(Information shown begins)

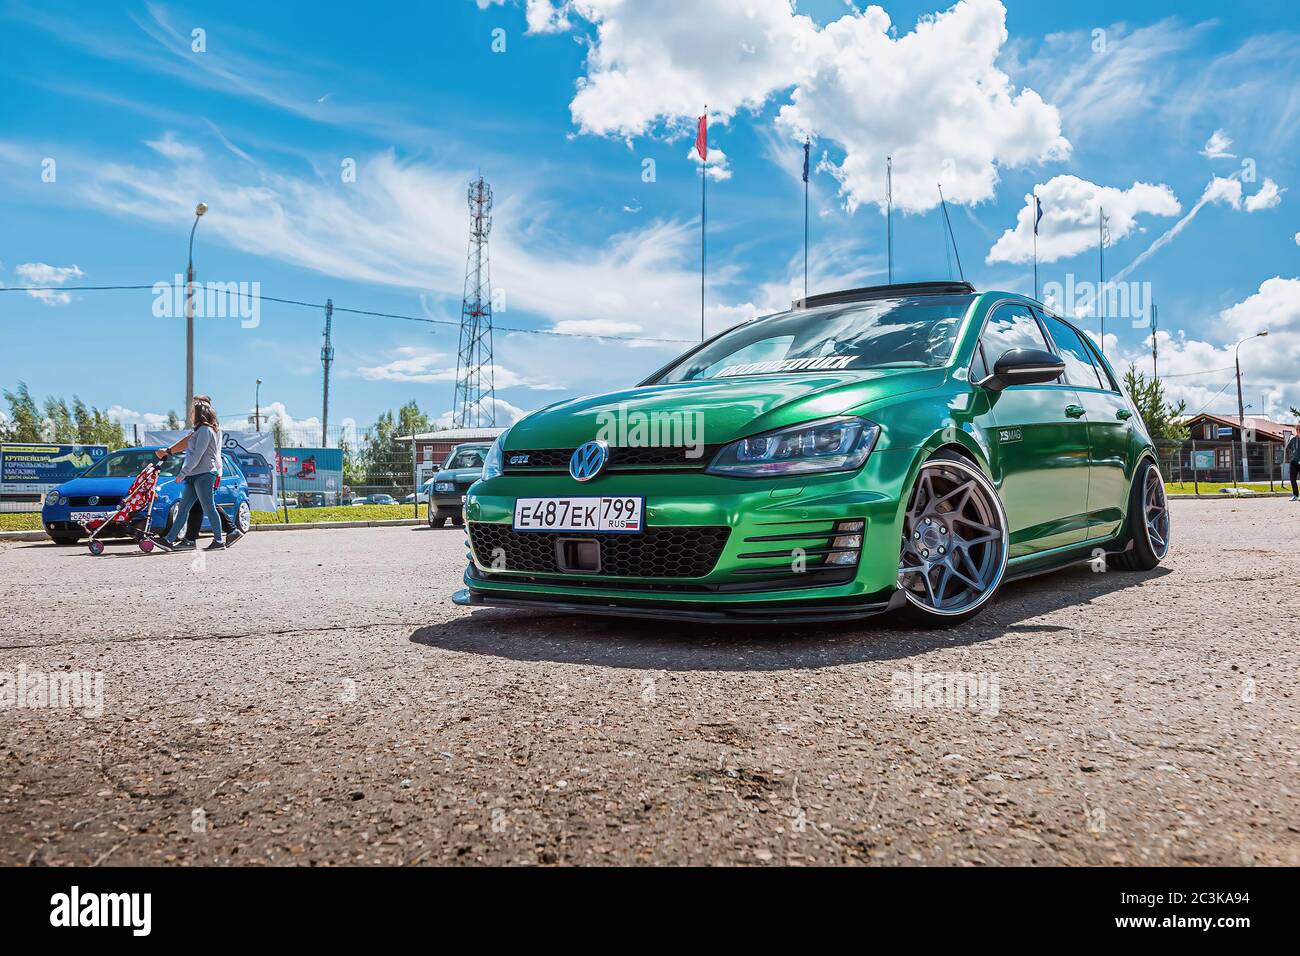 Moscou, Russie - 06 juillet 2019: Tuned Volkswagen Golf 7 serré dans un  film de vinyle vert. Roues exclusives installées, suspension pneumatique.  LowRider dans le parking Photo Stock - Alamy
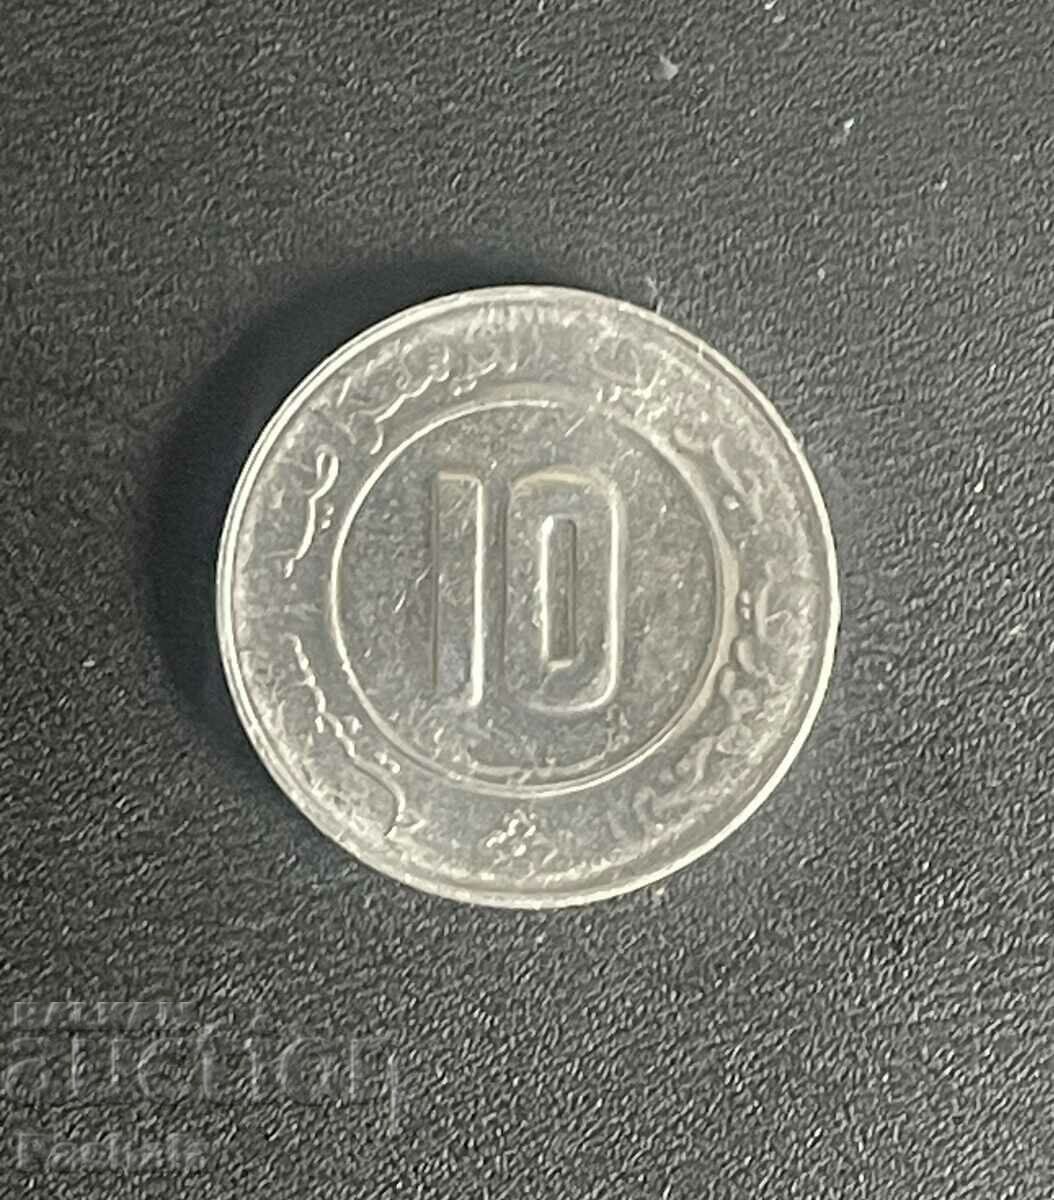 Algeria 10 centimes 1989
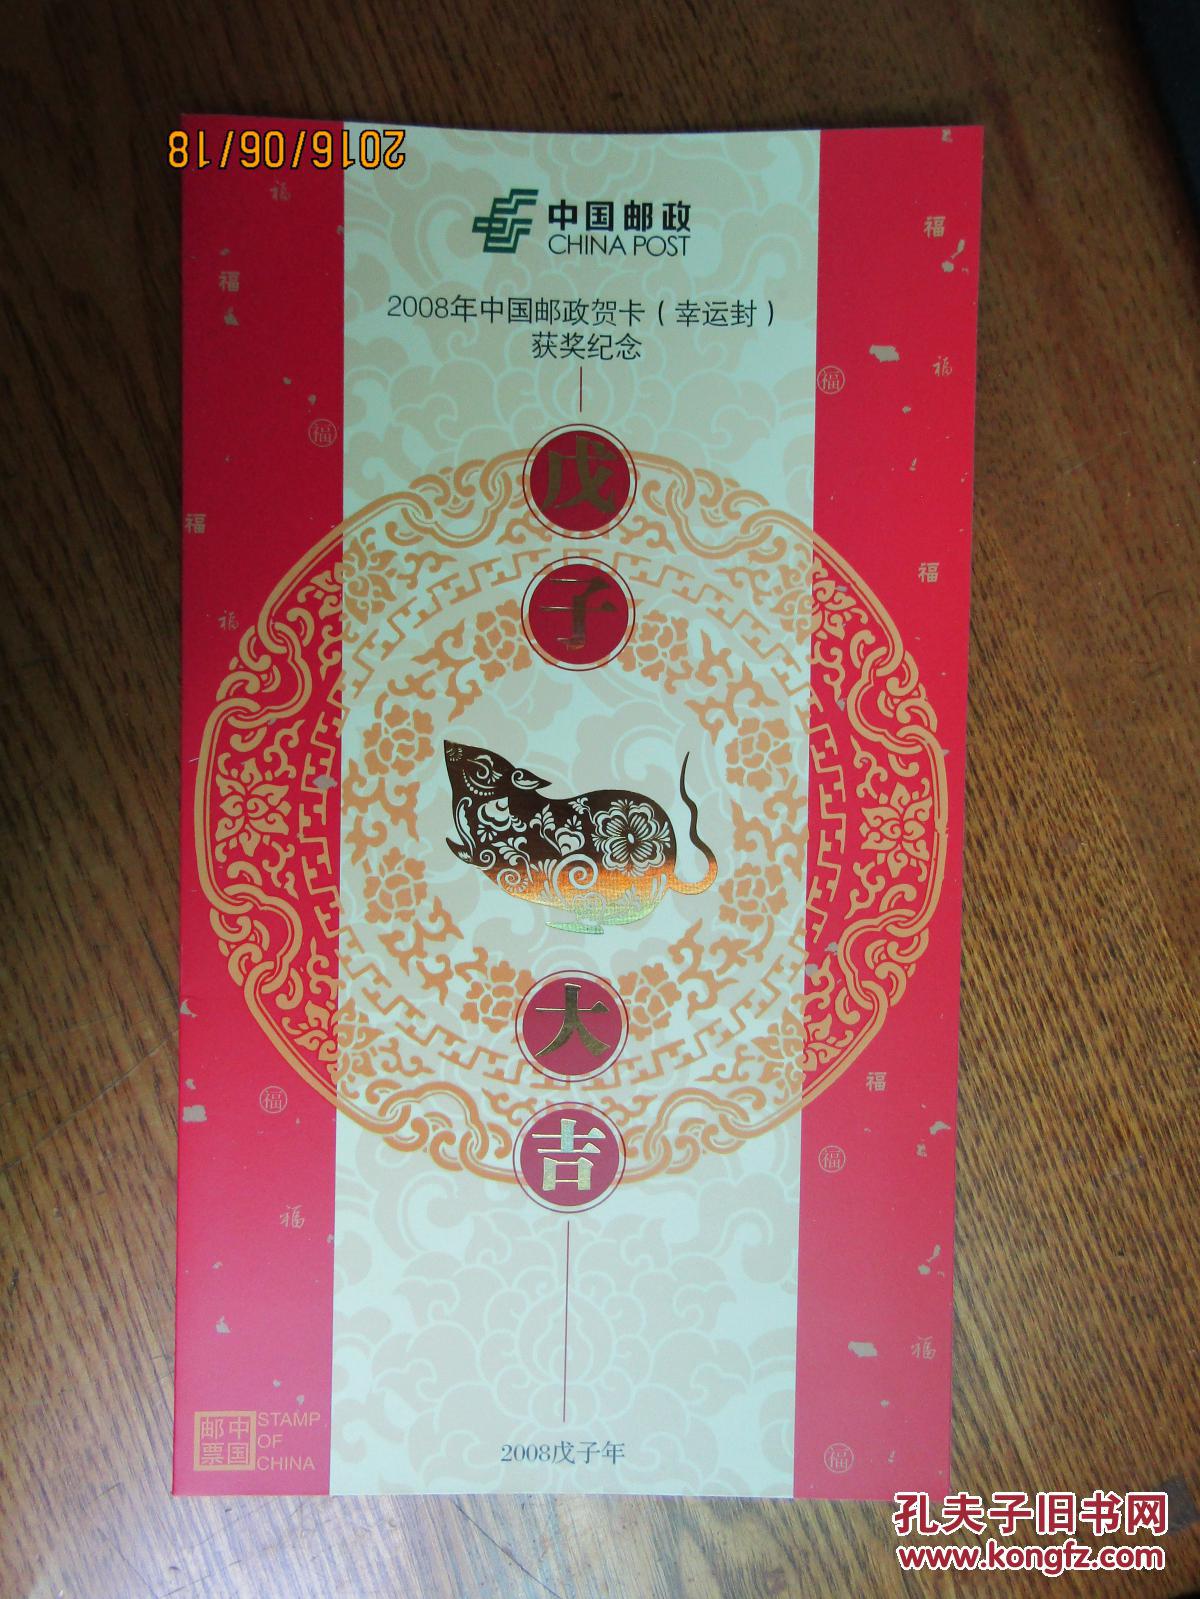 2008年中国邮政贺卡幸运封获奖纪念朱仙镇木板年画丝绸小版张
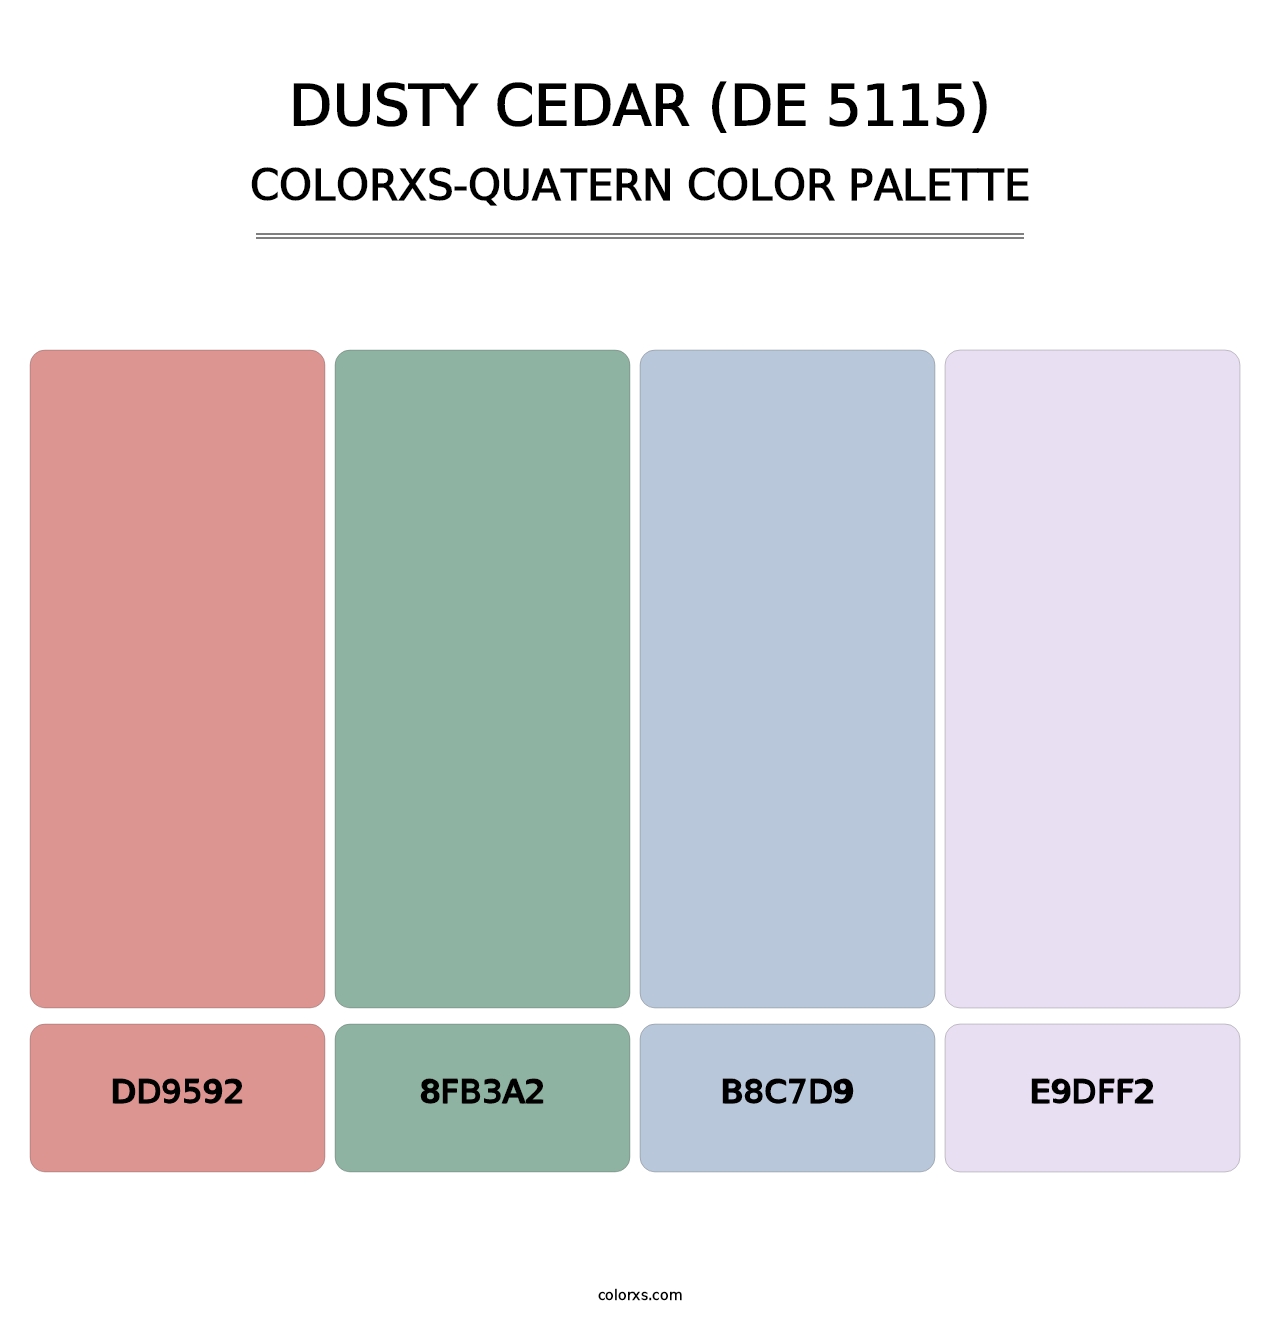 Dusty Cedar (DE 5115) - Colorxs Quatern Palette

(Information shown ends)

What the task requires — I would like the material repeated in full and exactly, with its images omitted.

Written reply —
 Moscou, Russie - 06 juillet 2019: Tuned Volkswagen Golf 7 serré dans un  film de vinyle vert. Roues exclusives installées, suspension pneumatique.  LowRider dans le parking Photo Stock - Alamy
 Algeria 10 centimes 1989
 2008年中国邮政贺卡幸运封获奖纪念朱仙镇木板年画丝绸小版张
 Dusty Cedar (DE 5115) - Colorxs Quatern Palette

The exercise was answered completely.